Weak areas for trucking right now are manufacturing, energy and intermodal:

  • Manufacturing began to take it on the chin last year, with recent reports showing the sector being weak.
  • Then there has been the collapse in energy prices, hitting trucking operations involved in oilfield operations.
  • The intermodal business is down from multi-year highs set in 2014, because of excess capacity in the marketplace, which has meant lower rates due to less freight demand in the sector.

Then there is the nation’s overall economic situation. Not bad, especially when you contrast it to the deep dark days of the Great Recession. In fact, the current expansion is one of the longer economic recoveries in U.S. history. But the pace of growth is not as fast as many would like. In the final quarter of last year, the gross domestic product increased at an annual rate of just 1%, down from 2% in the third quarter. Actual numbers for the first quarter aren’t due out until late April, and predictions at press time were all over the map.

So why is e-commerce the bright spot in all this? E-commerce sales in the U.S. last year were an estimated $341.7 billion, 14.6% higher than in 2014, says the Commerce Department. Compare that to total retail sales growth last year, which improved just 1.4%. E-commerce accounted 7.3% of retail sales in 2015, up from 6.4% the year before.

In other words, while traditional retail sales are improving a little, e-commerce is increasing a lot – and some carriers are banking on it for the future.

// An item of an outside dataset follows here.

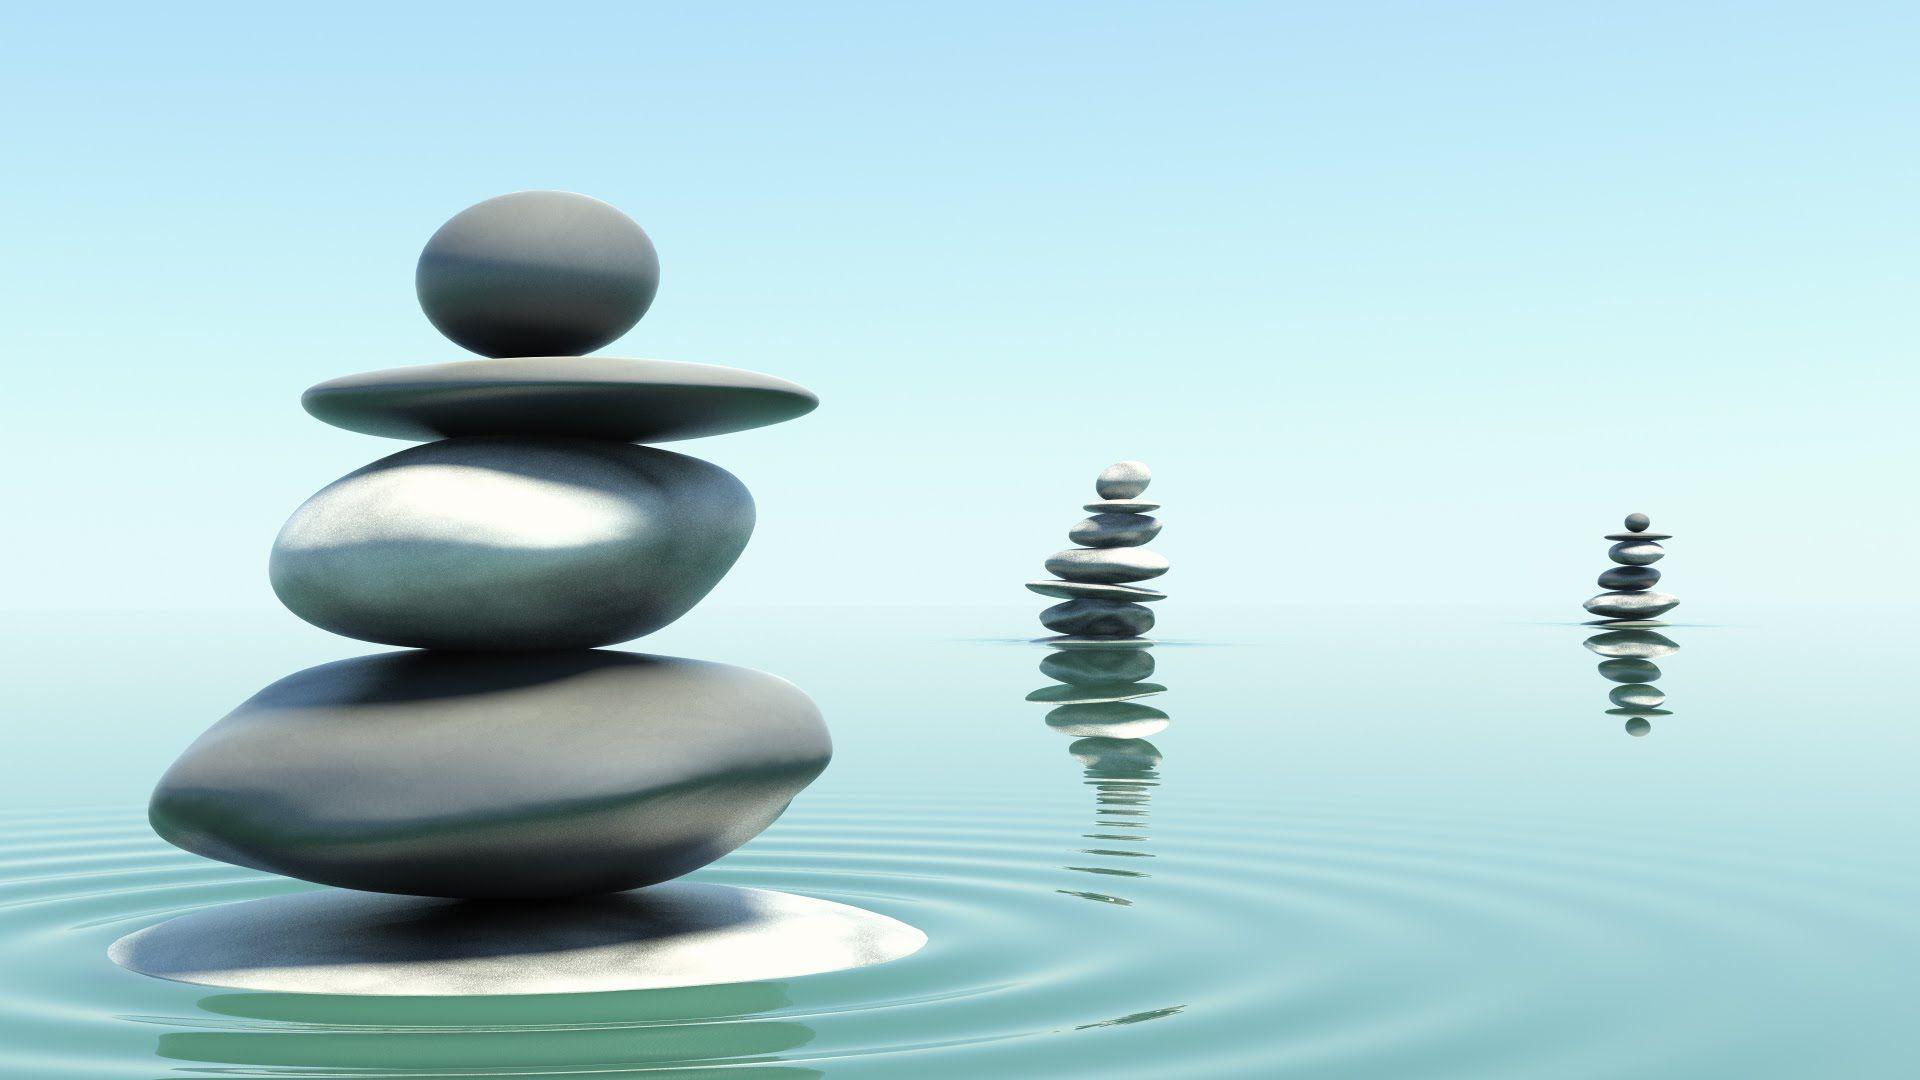 Musica 100% ZEN  Harmony BuddhismEl zen emergió desde distintas escuelas de budismo y fue registrado primero en China en el siglo VII, luego se dispersó hacia el sur a Vietnam y al este a Corea y Japón. Tradicionalmente se da el crédito de traer el zen a China a Bodhidharma, un príncipe convertido en monje proveniente de la Dinastía pallava (de India del Sur), que llegó a China para enseñar

Take XPO Logistics, for instance, which purchased Con-way here in the U.S. and Norbert Dentressangle in Europe.

In a conference call with investors in February, CEO Bradley Jacobs noted that, “One bright spot in the economy is the demand for heavy goods. Consumer spending on big-ticket items has been growing at a good pace. This is especially true for Internet purchases.”

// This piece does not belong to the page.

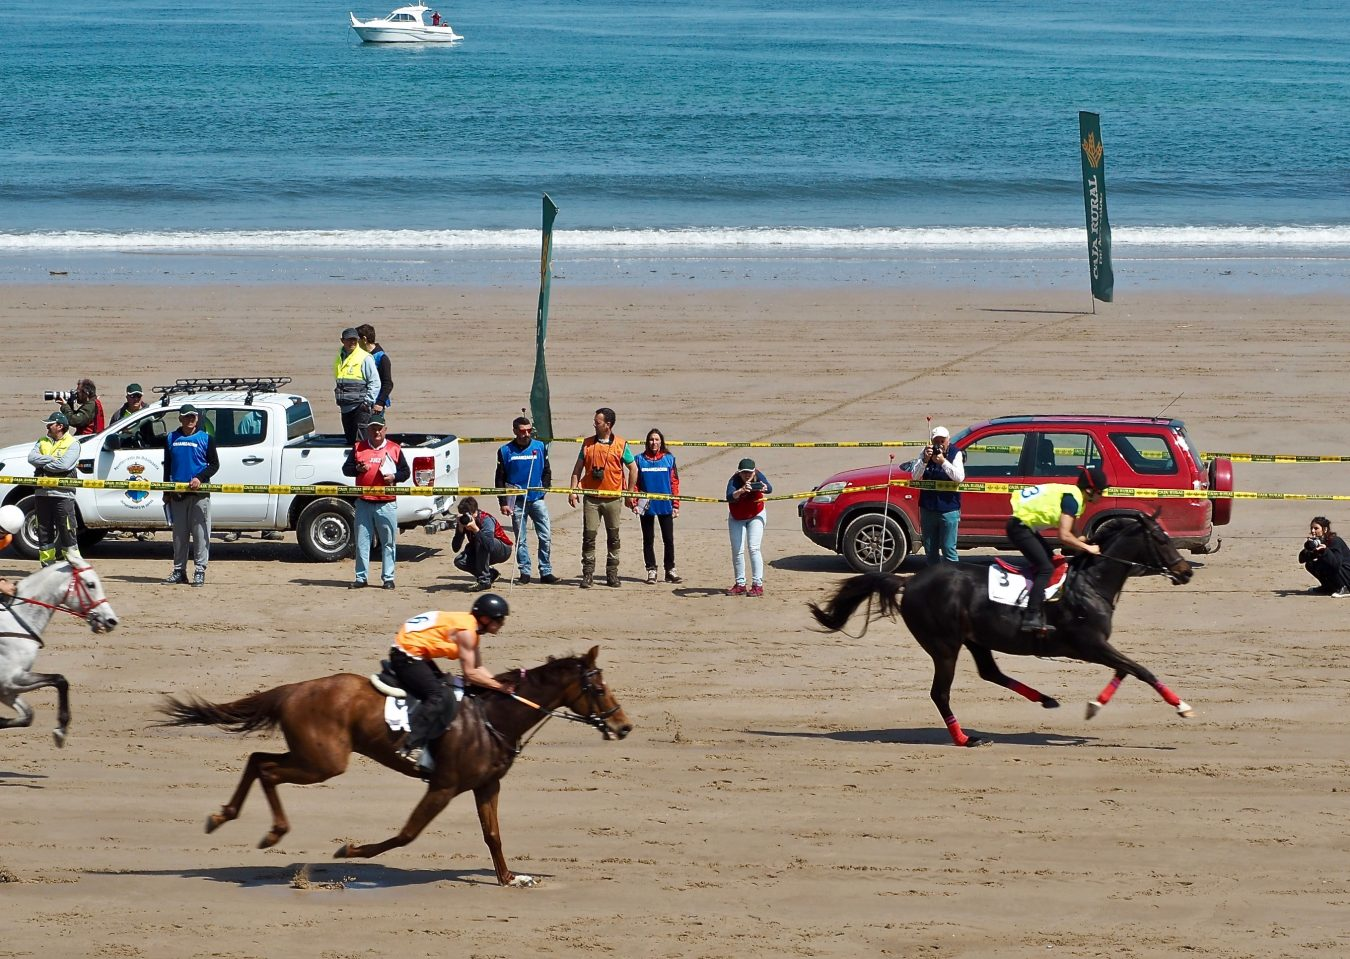 Doblete de Spanish Cat en unas accidentadas Carreras de Caballos Playa de Ribadesella

Such growth, he said, allowed the company to sign nearly 60 new contracts worth $118 million in annual sales.

In an interview with the Journal of Commerce, Jacobs said, “E-commerce has tentacles everywhere in our business, and that’s a good thing. It’s driving our supply chain business, our last-mile business and it’s affecting our LTL business as well. It’s definitely affecting all of our businesses in a positive way.”

Covenant Transport Group is also seeing the boom. Its costs for purchased transportation services and rented equipment rose more than 25% year-over-year in the fourth quarter as it rented more trailers, reportedly due to jumps in e-commerce.

CEO David Parker told a conference call of investors earlier this year that e-commerce is “growing three to four times faster than retail as a whole is growing,” and he expects it to continue.

One of Canada’s largest fleets, TransForce (which also serves the U.S.) is replacing business from the energy sector with e-commerce. In a conference call with investors in February, CEO Alain Bédard said he expects to as much as double e-commerce business this year. “In terms of growing our piece of the pie with e-commerce,” he said, “we feel good.”

Meanwhile, big-name retailers are stepping up their online game. According to the global real estate group Colliers International, the building of so-called “big box” warehouses is surging, with the Wall Street Journal reporting an additional 74 million square feet are set to be completed this year to help fulfill customer orders. With that kind of money being invested, it’s a pretty sure bet that these carriers will continue to “feel good” about e-commerce.